Steve Huntingford

Steve Huntingford

Steve Huntingford is a motoring journalist with more than 20 years’ experience, and has been editor of What Car? since 2016.

This means Steve oversees all of What Car?'s editorial output, both online and in print.

He previously held several other positions at What Car?, including road test editor and new cars editor. What's more, he served as motoring editor at The Daily Telegraph between 2013 and 2016, and has contributed to Autocar, PistonHeads and The Evening Standard.

Steve frequently appears on BBC TV and radio – as well as on – as an expert on motoring issues and the automotive industry, and has guested on GB News, LBC and Sky News.

He studied periodical journalism at the London College of Printing (now called the London College of Communication), and also has a Masters Degree in automotive design from Coventry University.

Steve is an expert on:

  • Car testing
  • Electric cars
  • Family cars and SUVs
  • New car buying and leasing
  • Car technology

What’s the best piece of advice you could offer a car buyer?
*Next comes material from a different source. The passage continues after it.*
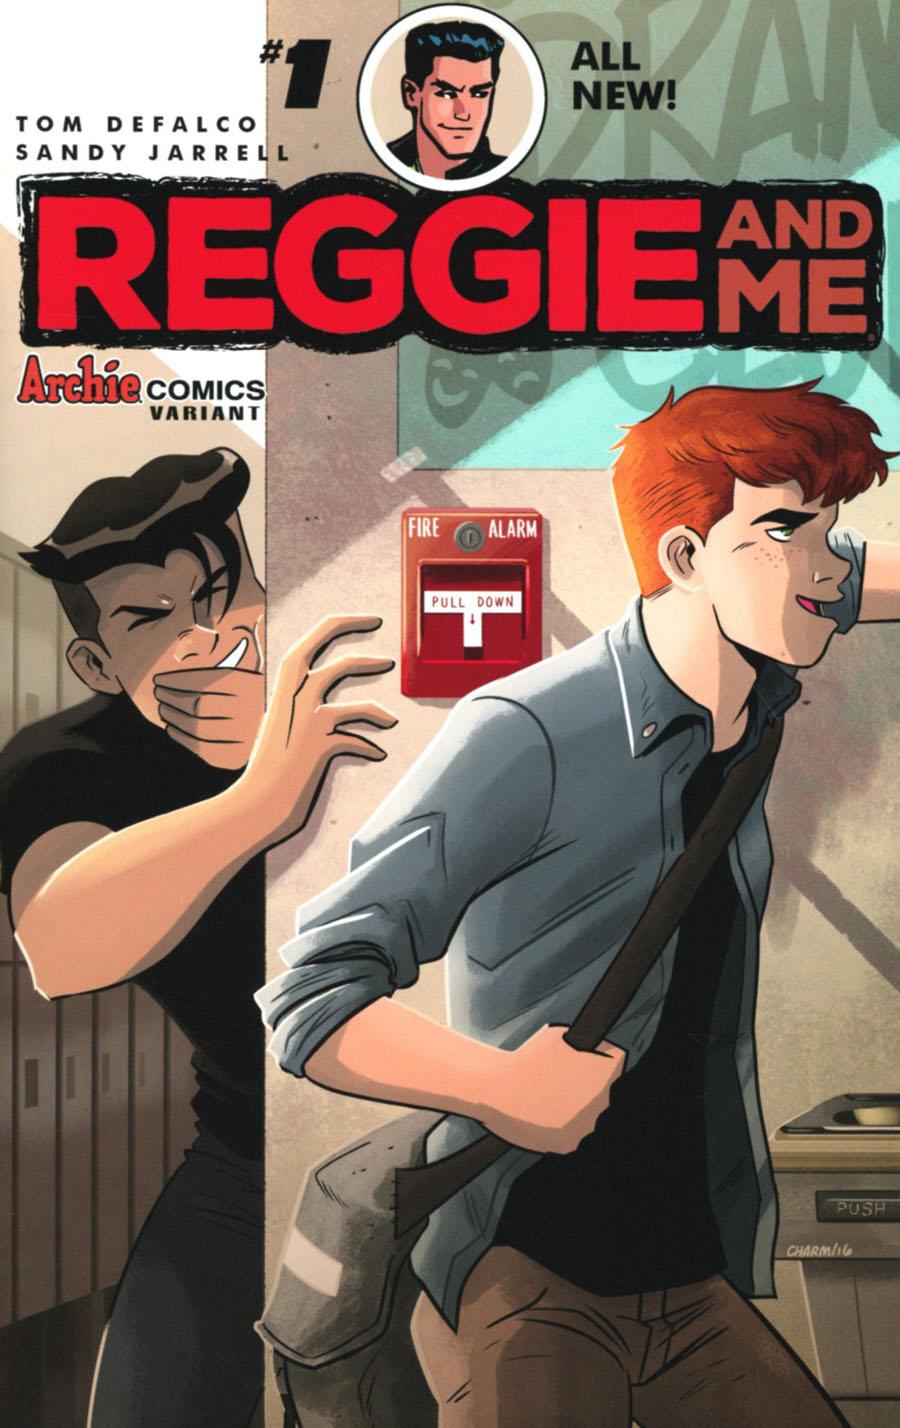 Reggie And Me Vol 2 #1 Cover C Variant Derek Charm Cover

It's sometimes said that there’s no such thing as a bad car any more. But while it’s true that very few are now dangerous or hopelessly unreliable, the gap between the best and worst models remains huge, so it's crucial that you do your research to make sure you get a car that will be a pleasure rather than a pain to live with.
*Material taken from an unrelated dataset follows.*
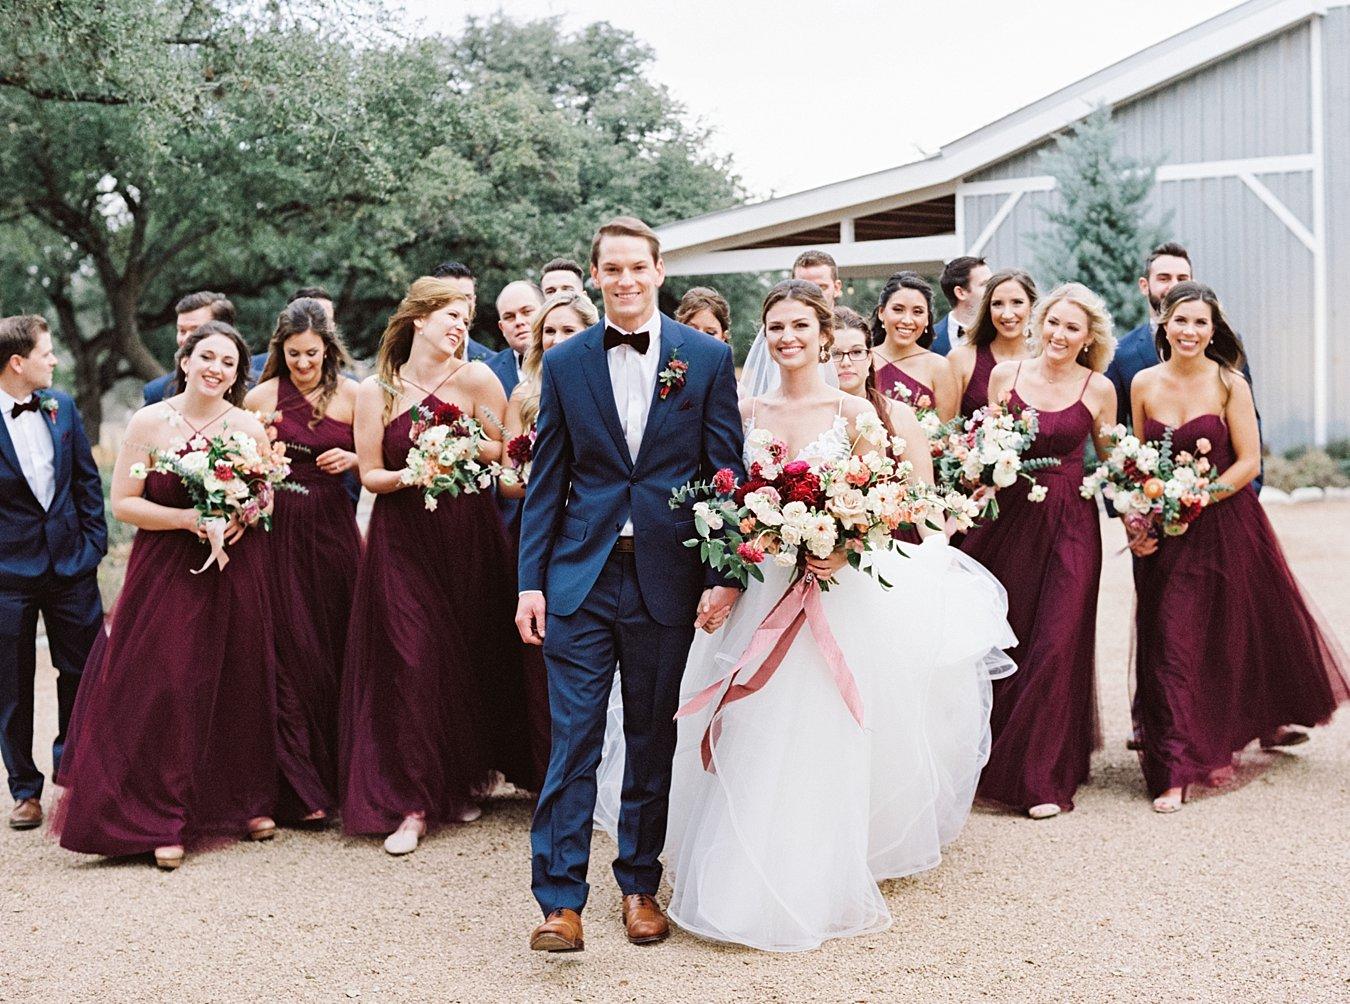 Addison-Grove-Wedding-Photos-Dripping-Springs-TX-13-2.jpg

What’s the best car you’ve ever driven?

As a former road tester, I've been lucky enough to drive some pretty exotic cars over the years. However, as a family man with a seven-year-old, it's models that blend driving fun with comfort, practicality and sensible running costs that most impress me.

What will the car market look like in 20 years?

I think a lot more people will lease cars in the future instead of buying or financing them. But even though they might never actually own the cars they drive, I think the majority will still want to have a car that's 'theirs'. Just hiring a car when you need it might sound appealing in theory, but who really wants to be taking child seats in and out of cars every five minutes?